- _TASK BRIEF_:
Once you reach the line containing "Decorative Italian Paisley" in the entries below, write out that line and each one after it down to the line containing "Elektrická baskytara Spector", exactly and with nothing added.

- _ENTRIES SHOWN_:
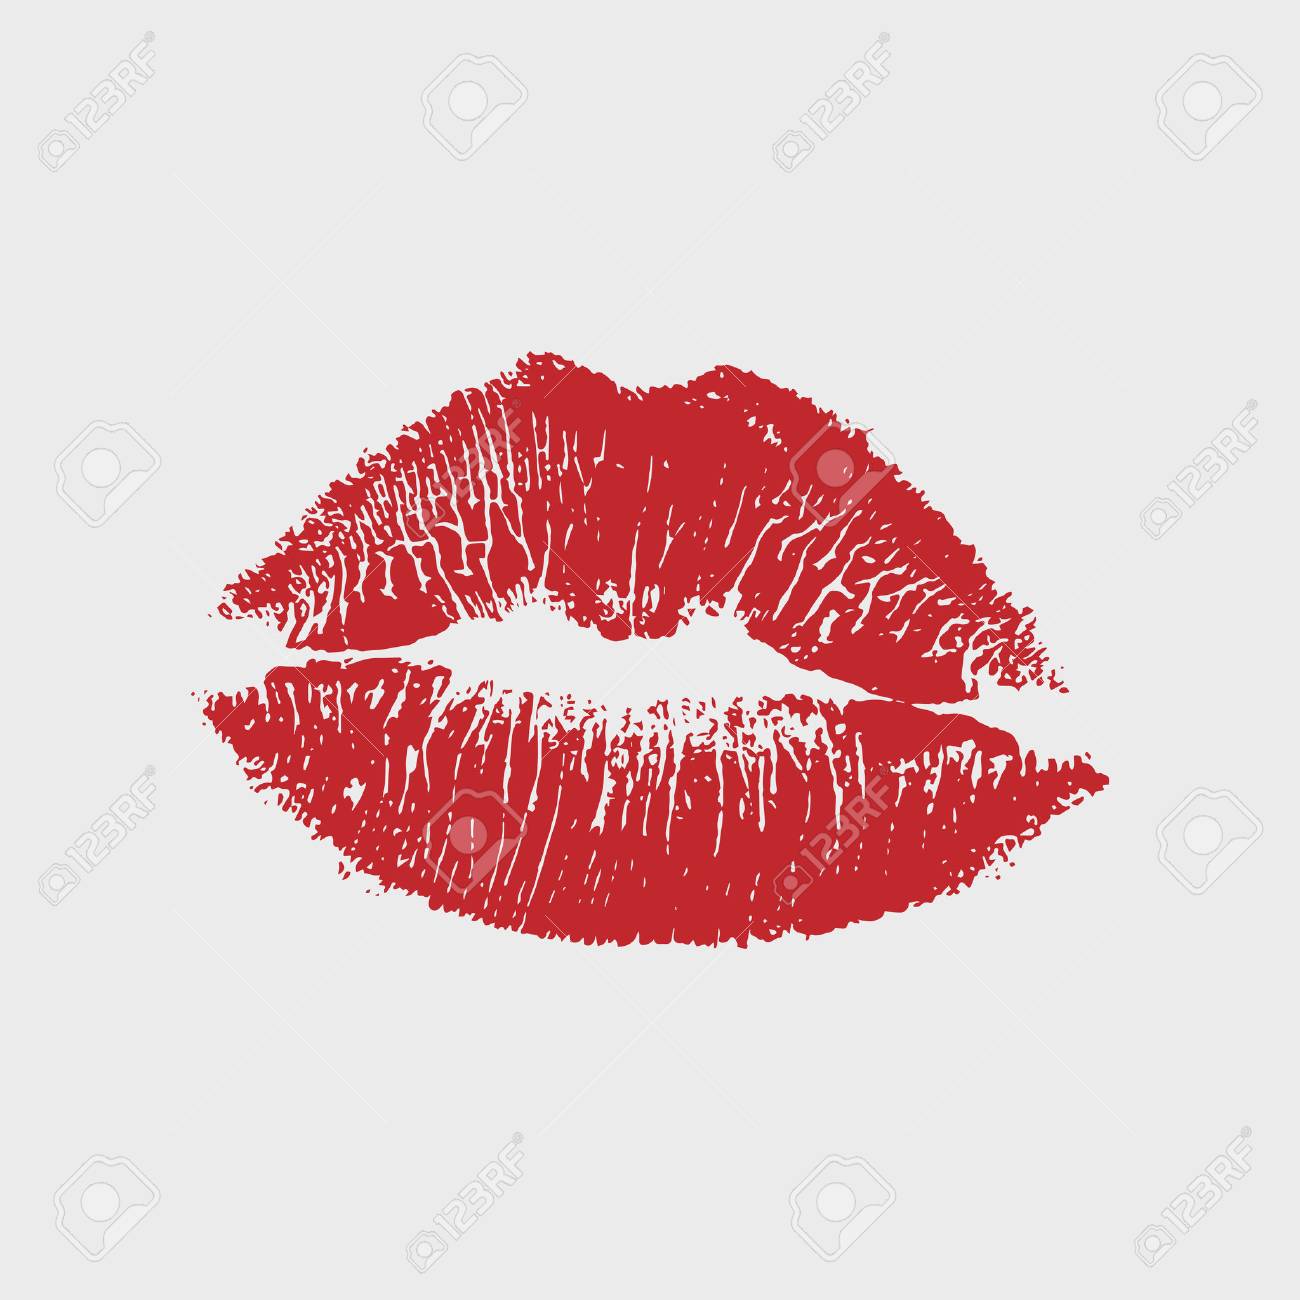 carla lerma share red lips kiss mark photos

...

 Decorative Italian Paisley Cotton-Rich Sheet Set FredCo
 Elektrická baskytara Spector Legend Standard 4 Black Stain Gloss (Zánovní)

* * *

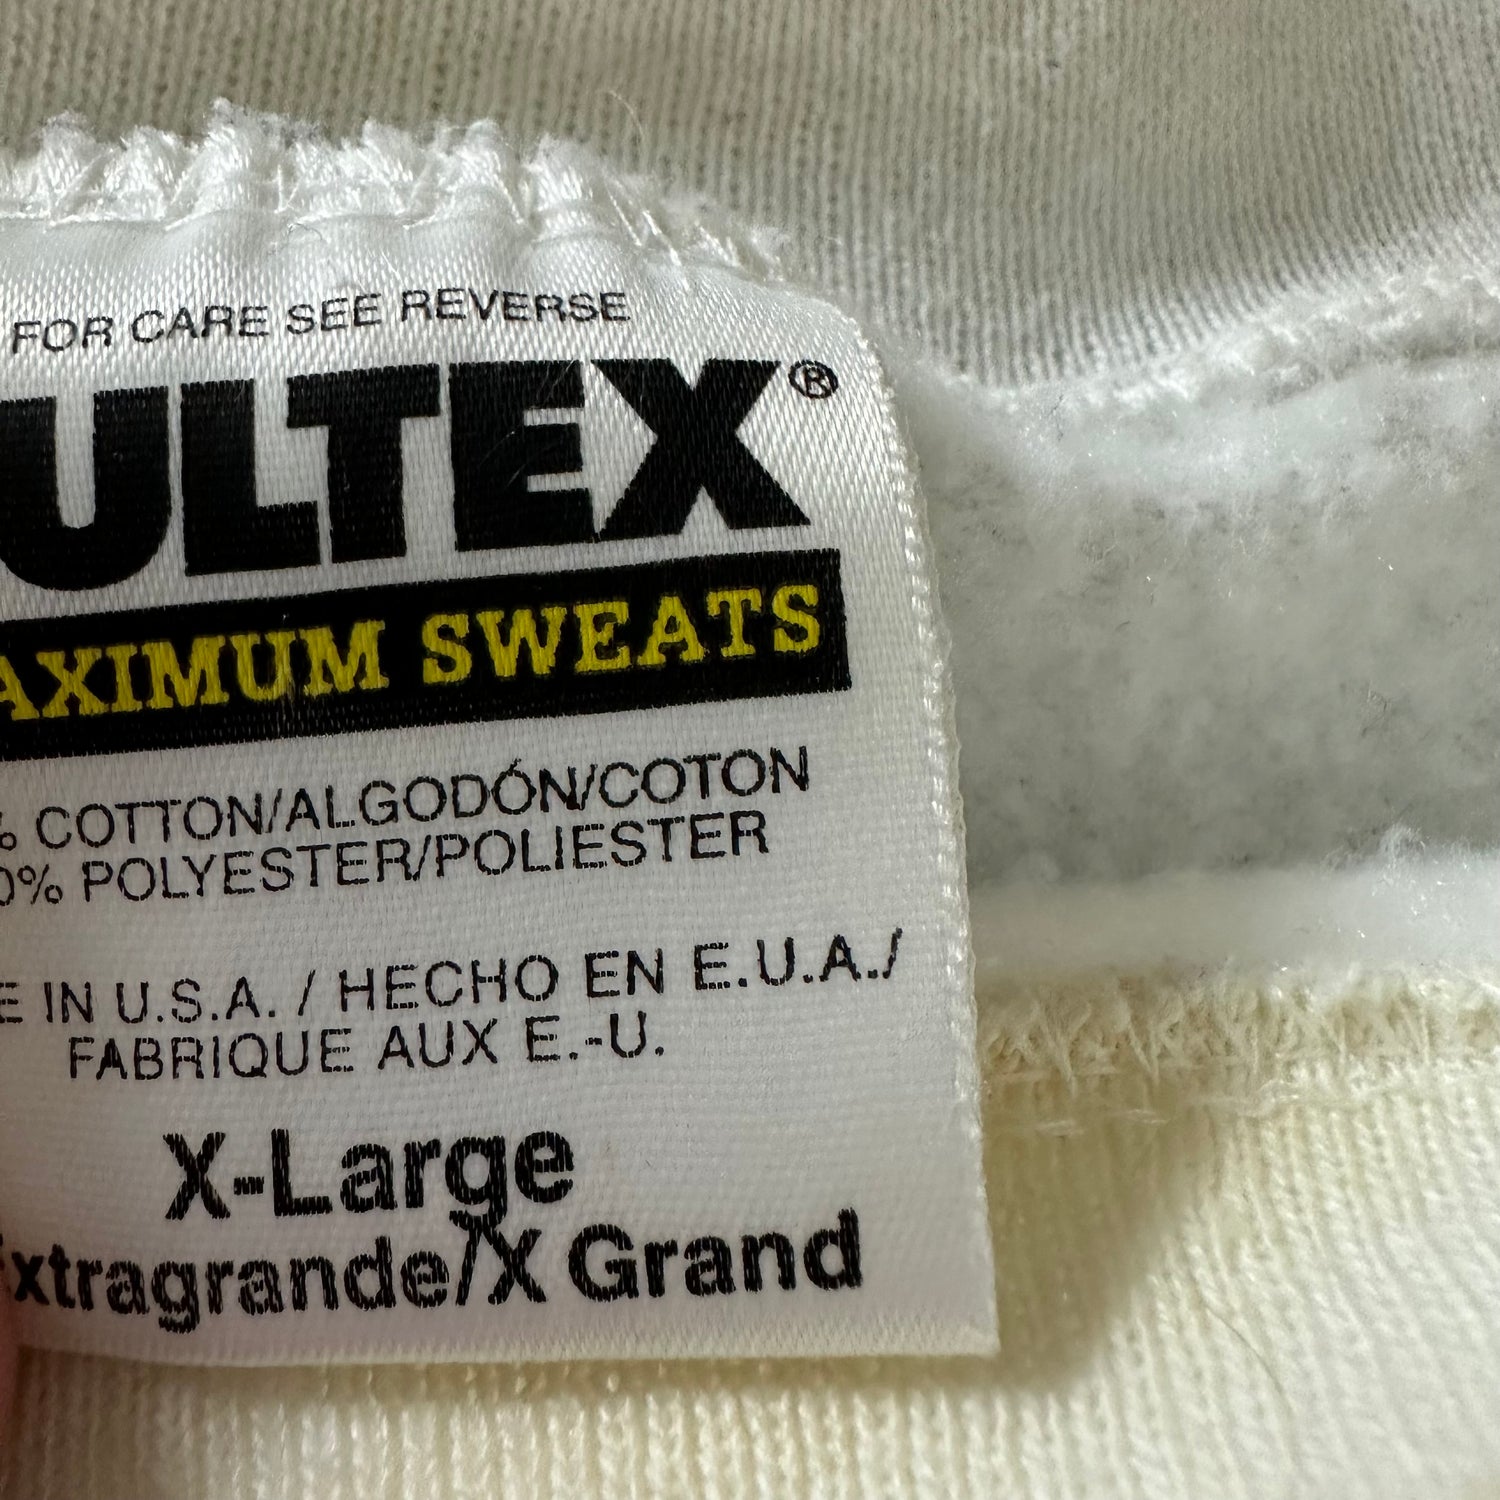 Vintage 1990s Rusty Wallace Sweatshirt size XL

- _FINAL ANSWER_:
 Decorative Italian Paisley Cotton-Rich Sheet Set FredCo
 Elektrická baskytara Spector Legend Standard 4 Black Stain Gloss (Zánovní)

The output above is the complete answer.